(Data section Opens)

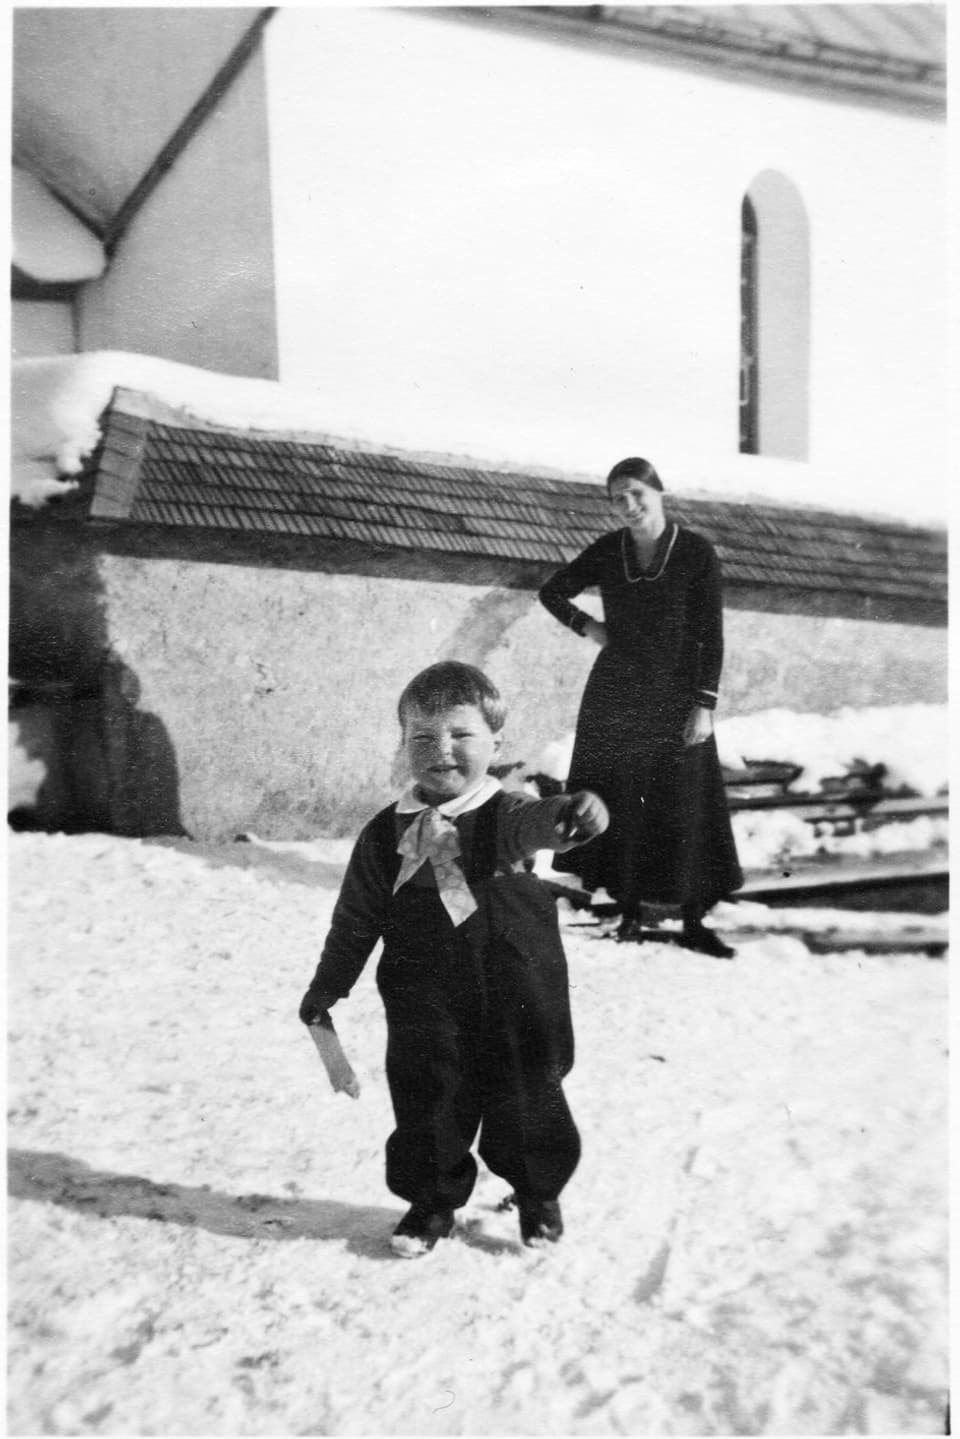 Schwarzweiss-Fotografie einer Frau und eines kleinen Kindes im Schnee.
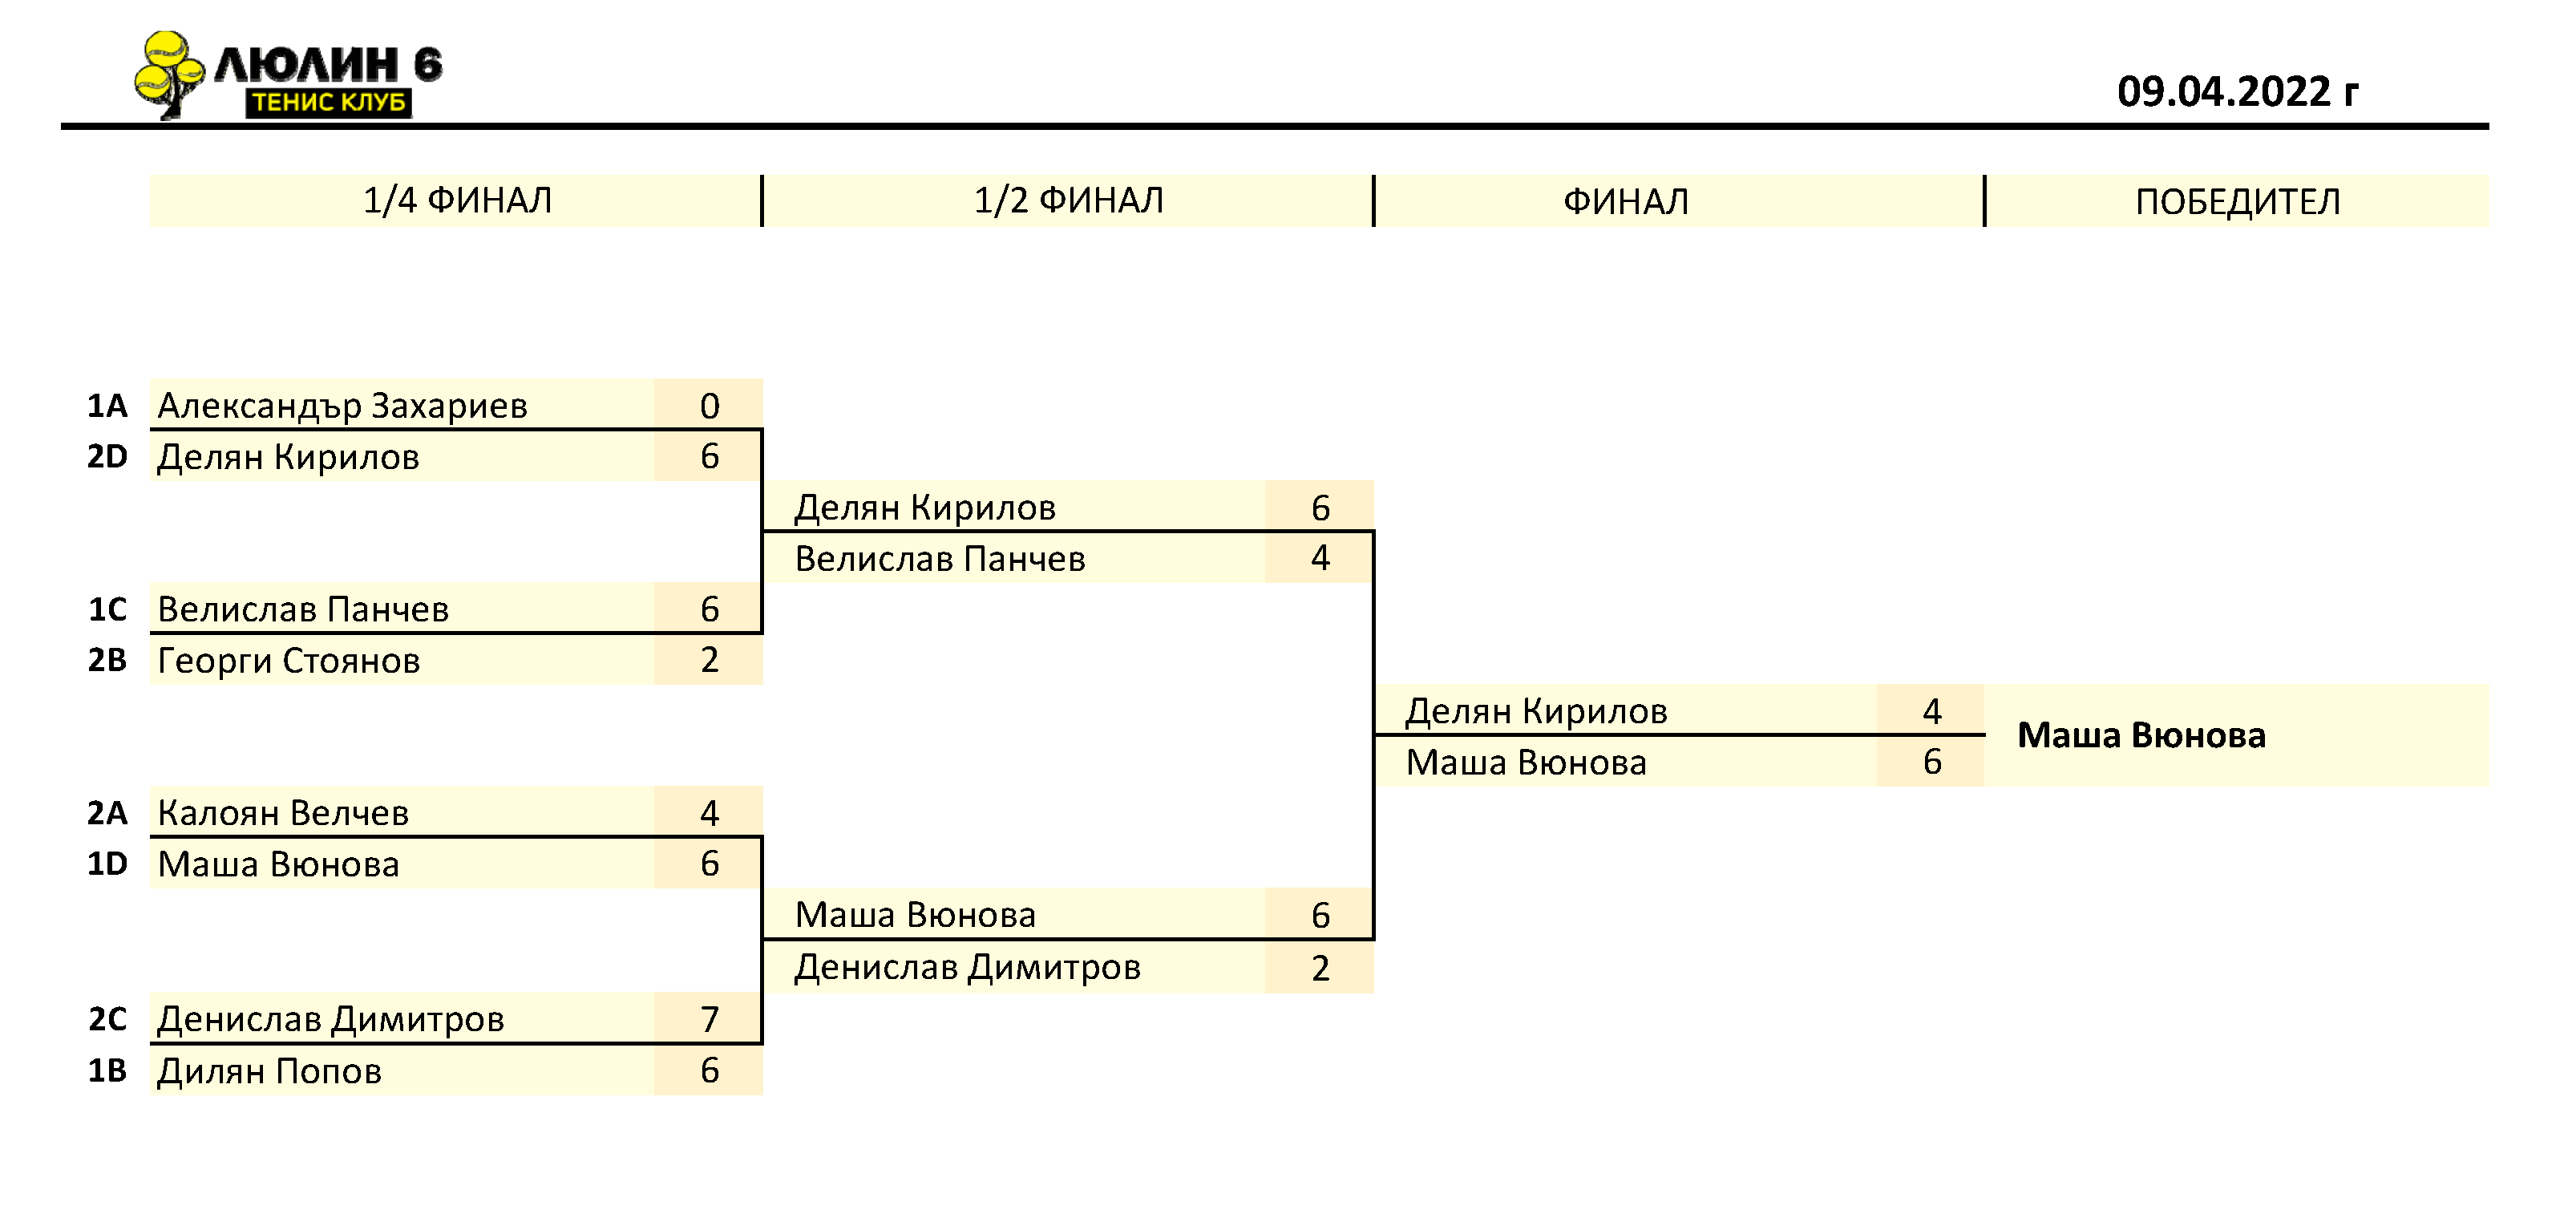 Резултати от тенис турнир 09.04.2022 г.
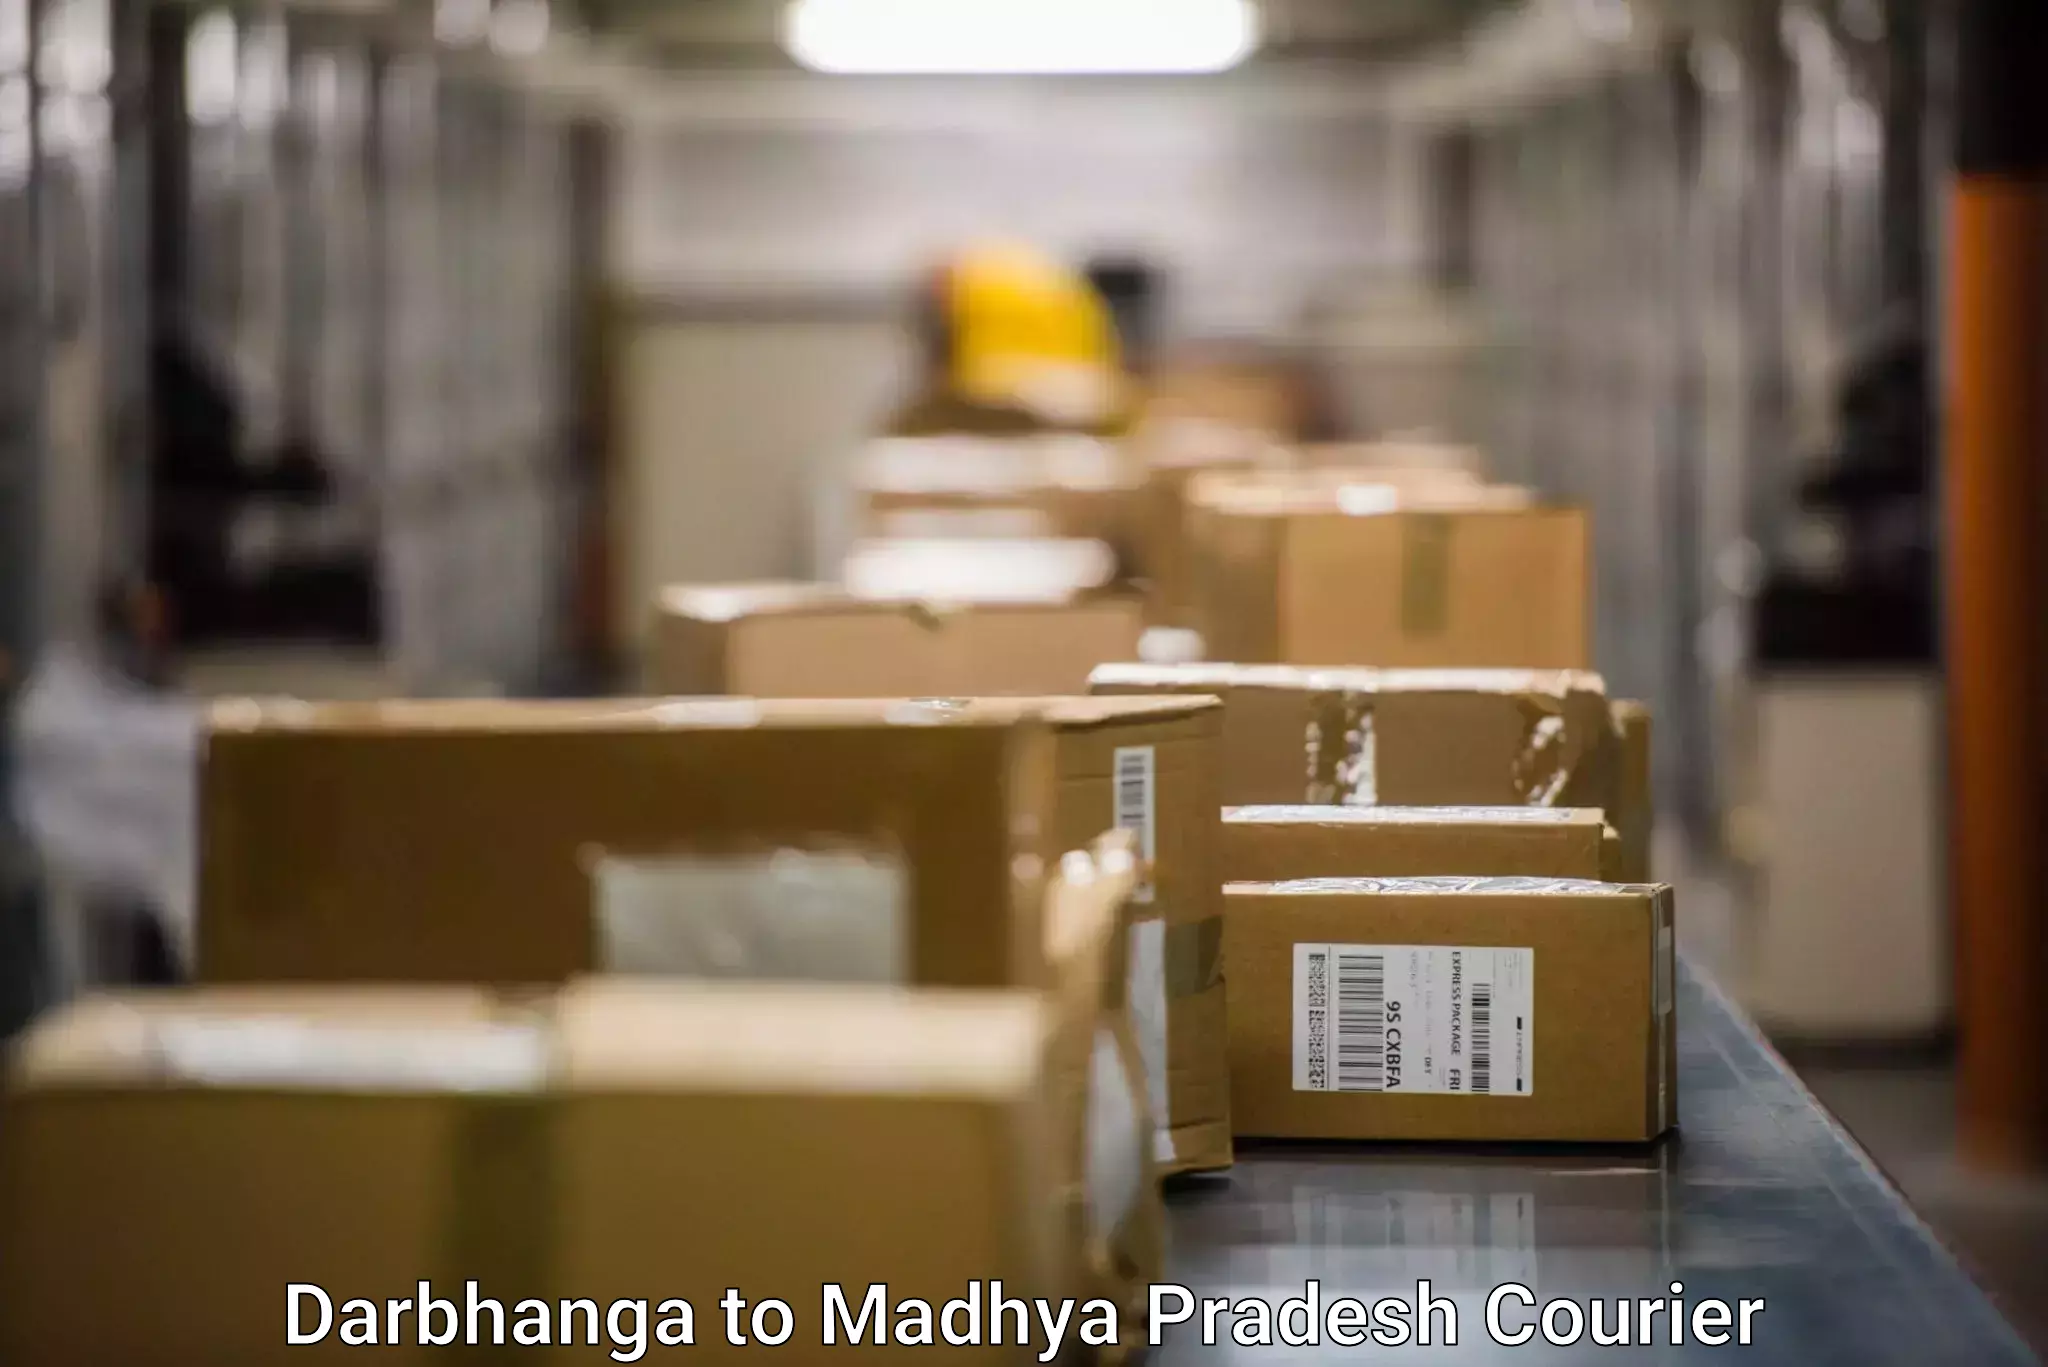 Advanced shipping network Darbhanga to Nagod

(Data section Closes)

The reply should consist only of the lines running from the one with "Резултати от тенис турнир 09.04.2022 г." through the end of the material, both included, copied exactly; please omit pictures.

 Резултати от тенис турнир 09.04.2022 г.
 Advanced shipping network Darbhanga to Nagod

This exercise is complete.